Şakran Kadın Cezaevi’nde tutsaklara işkenceye varan muamele
- 20:47 27 Mayıs 2019
- Güncel
İZMİR - Açlık grevini bitirmelerine rağmen hastaneye sevkleri yapılmayan Şakran Kadın Kapalı Cezaevi’nde bulunan tutsakların yakınları, tam teşekküllü hastaneye kaldırılarak tedavi edilmeleri gereken tutsakların revir odasında sandalyelerde bekletildiklerini, jandarmanın hakaret ve müdahalelerine maruz kaldıklarını söyledi.
PKK Lideri Abdullah Öcalan’ın çağrısıyla dün açlık grevi ve ölüm oruçlarını sonlandırdıklarını bildirmelerine rağmen İzmir’in Aliağa ilçesindeki Şakran Kadın Kapalı Cezaevi’ndeki tutuklular hastaneye kaldırılmıyor. Tam teşekküllü hastanelere sevk edilme yerine cezaevi revirlerinde tedavi edilen tutsaklara, yanlış müdahalede bulunulduğu belirtildi. 4 kişilik yatak kapasitesi olan revirde 30 kişinin saatlerce sandalyede bekletildiğini kaydeden tutsak yakınları, jandarmanın tutsaklara hakaret ederek, serumlara müdahale edildiğini söyledi.
Aileler, yağlı tuzlu salçalı yiyecekler verilen tutsakların fiilen açlık grevine devam ettiğini de aktardı.
‘Kamuoyu duyarlı olmalı’
Şakran T2 No’lu Cezaevi’nde tutulan Abdurahman Yıldırım’ın kuzeni Türkan Yıldırım, tahlil için sabah saatlerinde tutsaklardan kan alındığını söyledi. Kapalı görüş esnasında jandarmanın gerginlik yaşattığını ve konuşma esnasında çok yakınlarında bulunduğunu ifade eden Türkan, “Açlık grevi bitti ama gıda verilmemiş, yağlı tuzlu ve salçalı yemekler verilmiş. Kamuoyu duysun ve duyarlı olmalı. Cezaevi önünde gerekirse tekrardan oturalım, düzgün müdahale edilmezse kalıcı hasar oluşabilir. Ne yapmak istiyorlar anlamış değilim” diye konuştu.

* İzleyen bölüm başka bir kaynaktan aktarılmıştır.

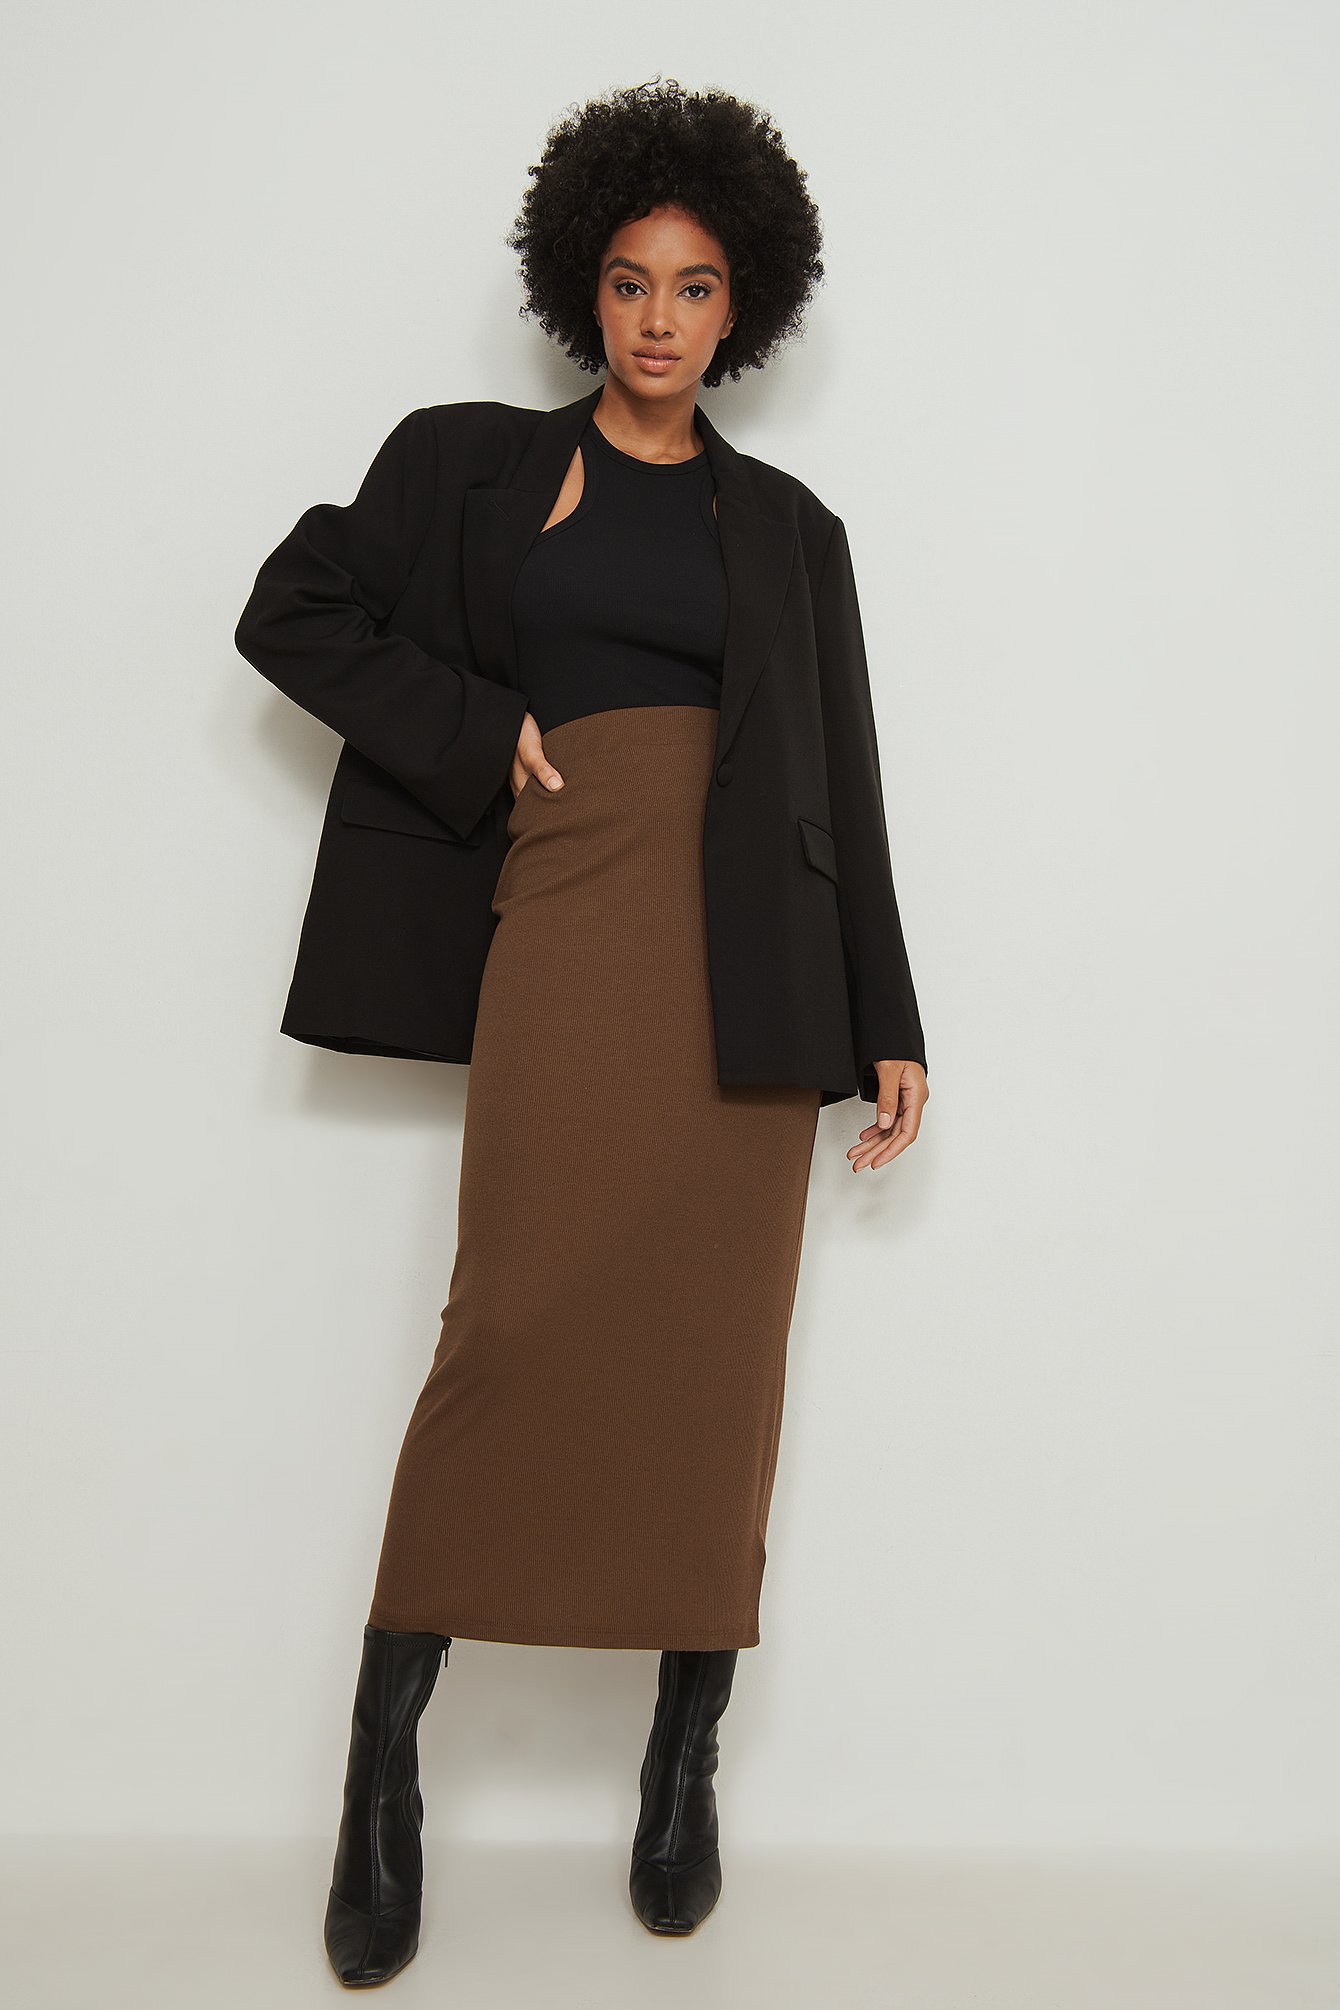 Top 40+ imagen brown long skirt outfit

‘Hakaret, tahrik ve serumlara müdahale’
Şakran Kadın Kapalı Cezaevi’nde 1 Mart’ta açlık grevine katılan Didar Bozan’ın annesi Nazlı Bozan, Didar ve arkadaşlarının halsiz olduğunu ifade ederek, şöyle dedi: “Dün saat 20.00’dan sabah saat 06.00’a kadar hastane reviri bölümünde bekletilmişler. 4 kişilik yatak kapasitesi olan odada 30 kişi sandalyelerde bekletilmişler. A-1’deki Damla Erdem kötü durumdayken serum vermişler ve vücudu reaksiyon vermiş, neredeyse ölecekmiş. Tam teşekküllü hastaneye götürülmek istenmiyor. Cezaevi revirindeki tedaviyi reddediyorlar. Tahlilleri yapılmadan direk serum verildiğini söylediler. Didar’dan sadece kan aldılar. O küçük revir odasında jandarma doluymuş ve seruma müdahale etmeye çalışmışlar. Ağıza alınmayacak hakaret etmişler ve marş okumuşlar. ‘Türkün jandarması, Türkün gücü nasıl oluyormuş’ diyerek kavga etmeye çalışmışlar.”
‘İdare çözüm üretmek yerine oyaladı’
Açlık grevine giren ilk grupta yer alan Rozerin Kalkan ve Rahşan Aydın’ın hastaneye götürüldüğünü ancak yatırılmak yerine cezaevine geri getirildiğini söyleyen Nazlı, cezaevi savcısı ve müdürü ile toplu olarak görüştüklerini belirtti. Müdürün savcıya, savcının doktora yönlendirerek oyalandıklarını dile getiren Nazlı, hastanenin ve ambulansların yetersiz oluşu gibi bahanelerle oyalandıklarını vurguladı. Nazlı, “Bu noktada duyarlı olsunlar, onlar 90, 150 gündür direniş gösterdiler, dışardakilerin de bu şekilde duyarlılık göstermeleri gerekiyor. Hasar kalmaması için doğru müdahale gerekiyor. Şu an fiili olarak açlık grevi devam ediyor” ifadelerini kullandı.
‘Doktorlar ‘ne haliniz varsa görün’ dedi’
Şakran A-1 Kapalı Kadın Cezaevi’nde 15 Şubat’ta açlık grevine başlayan Şehrivan Çoban’ın annesi Nafiye Çoban da, görüşte kızını tanıyamadığını söyledi. Şehrivan’da, diğer tutsak yakınları gibi hakaretlerde bulunan jandarmanın 4 yataklı odada beklediğini ve takılan serumlara müdahale ettiğinin altını çizdi. Nafiye, “Kızım Van, Ankara ve Tarsus’da kaldı ama İzmir’deki gibi baskı görmedim. Kanı düşük diye tedavi etmemişler. ‘Ne haliniz varsa görün’ demişler. Yağlı, salçalı, tuzlu çorba patates verilmiş. Tutsaklarda iyi bir hastaneye kaldırmadan müdahaleye izin vermemişler” dedi.